How can one both exist naturally and exist alternately on Facebook? Sure enough, there are dissimilarities and notable separations, but the problem which I wished to expose was that there is also an alternate reality. This Facebook reality is abject to us: it captures reality in a mimicked fashion and skews it so that we see life through different lenses. It is in this fashion that we are contorted by the influx of Facebook feedback and faced yet again with questioning the authenticity of the self in reality.

My final point was cleverly written out before I erased it and replaced it with the sentence that you are reading now. This component of the Facebook dilemma features the undo function: the ability to reverse, undo, or delete almost anything you do on Facebook. No longer do people need to think before they talk if there is a function which can erase what was said with merely one click. What does this mean for the self? One way to quite understand this is to imagine having a conversation with someone. You ask her a question and await her response. Then, when she is talking, as you assume because her mouth is moving, you hear nothing come out. You look upon her quizzically as this strange phenomenon occurs. Then her mouth stops and you hear the response and usually all is well. But for the few moments of phenomenon, you were lost, confused and curious as to what was being said. This is similar to the words of a person being deleted before being sent to you. There is also the case where the words are sent, but immediately deleted later, but the two cases are nearly identical for the sake of this argument.

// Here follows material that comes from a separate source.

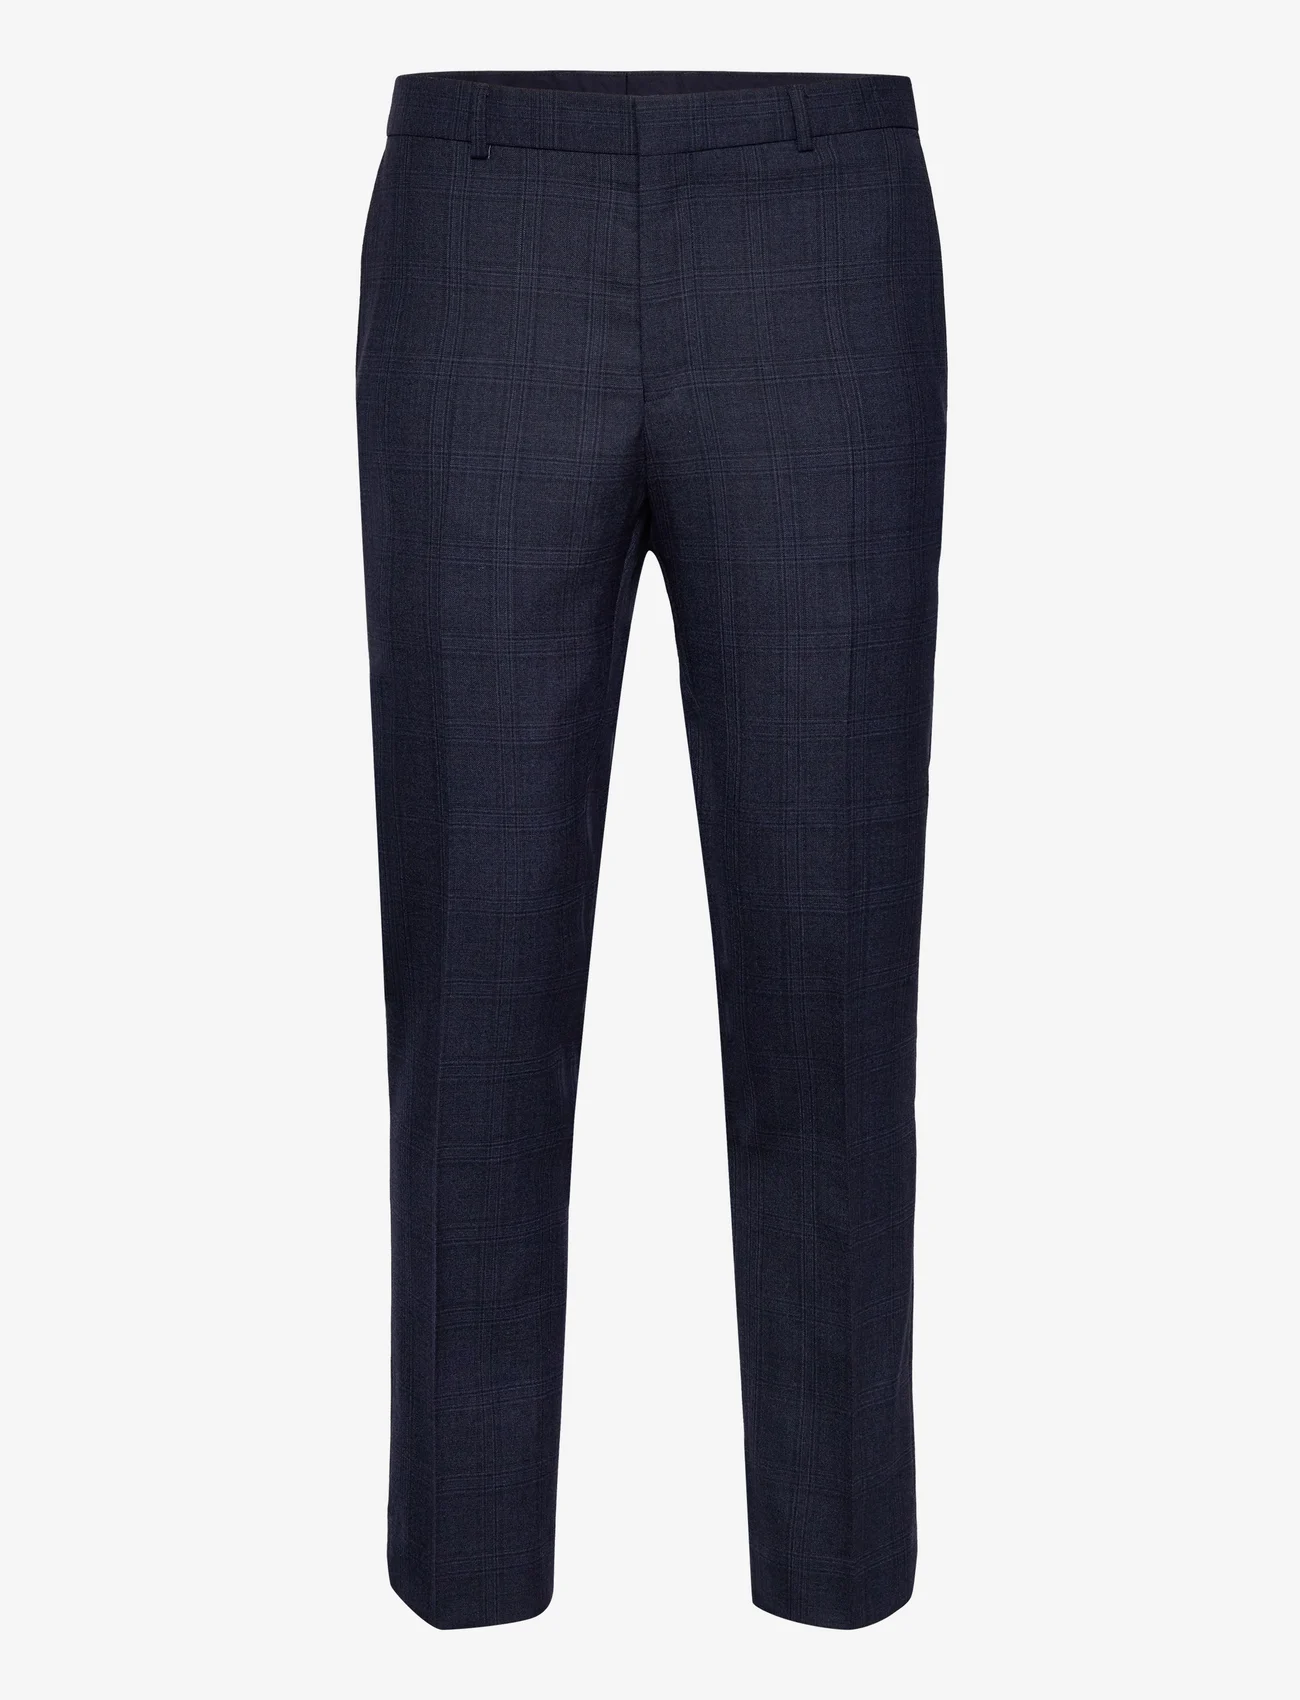 Ted Baker London - ARA - suit trousers - 10 navy - 0

These words were bits of consciousness streamed onto the keyboard and into data on a computer. The real doubt arises when you try to figure out what was trying to be said. Surely you can cast the matter aside, but words that existed and that could have been meant for you were held captive and disintegrated before you were even able to cast your own judgment on their value. Simply, you were robbed of your thinking capacities and manipulated by the other person to believe that the words you ultimately read were meant all along.

This runs into several problems of its own. Like, what am I reading on Facebook that is really significant? How much of this was cleverly thought of before reaching their wall? What were they originally writing before they erased it and replaced it with this message? The answers to these questions may overwhelmingly lead to dead ends or irrelevancies. But one may never know because the opportunity to think was controlled by a person thousands of miles away.

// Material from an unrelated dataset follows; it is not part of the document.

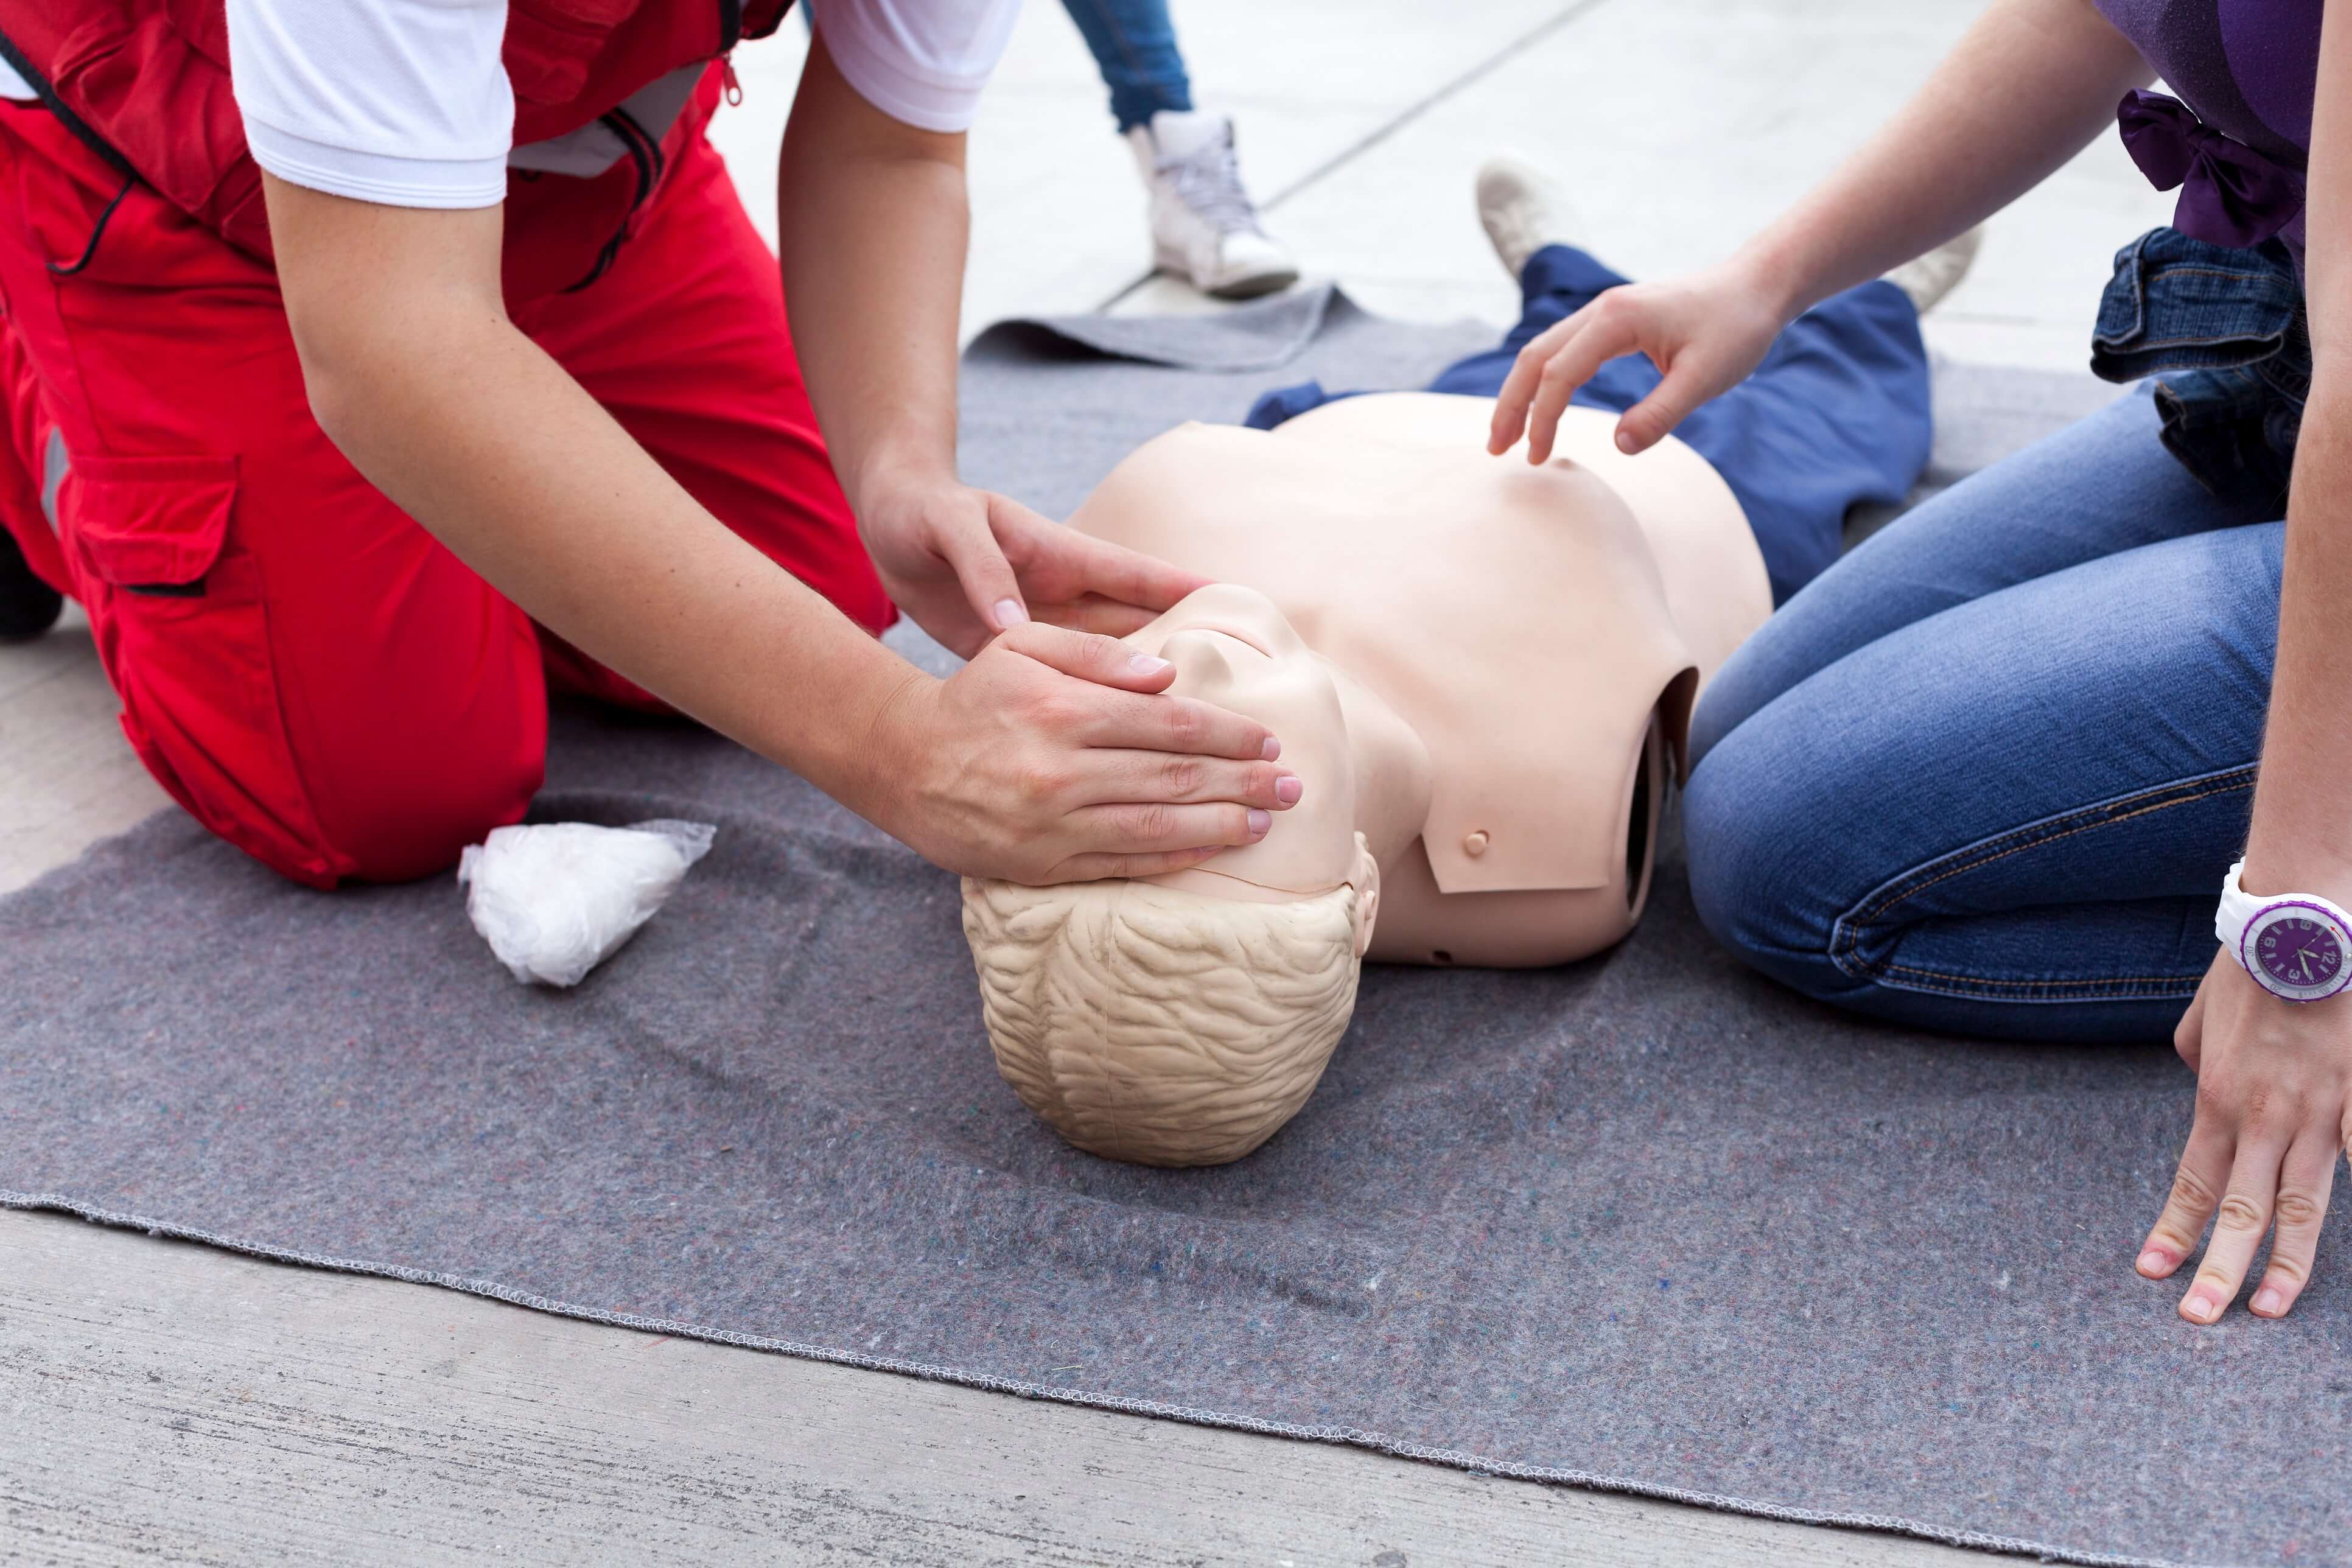 First aid training at work

To think this way is to think like a madman. It’s dangerous and unhealthy. Which is why when we ask “What were you saying?” we may often get the response “don’t worry about it.” But what you see in a blog post may or may not be what was originally intended in the mind of the blogger, who knows? What you can do is judge based on what you see, and know for yourself that you are using your mental capacities to evaluate your self’s integrity. Sometimes the safest way is the simplest way, but if we allow our senses to guide us, then we may not give ourselves the opportunity to exercise our free will of mind, so it’s as if it doesn’t exist. That’s why it would never hurt to peek a little more into a situation and gather information to make educated conclusions of matters for yourself. After all, it’s because we can think for ourselves that our individual self exists, no matter how manipulated it may be. “Cogito ergo sum” –Descartes.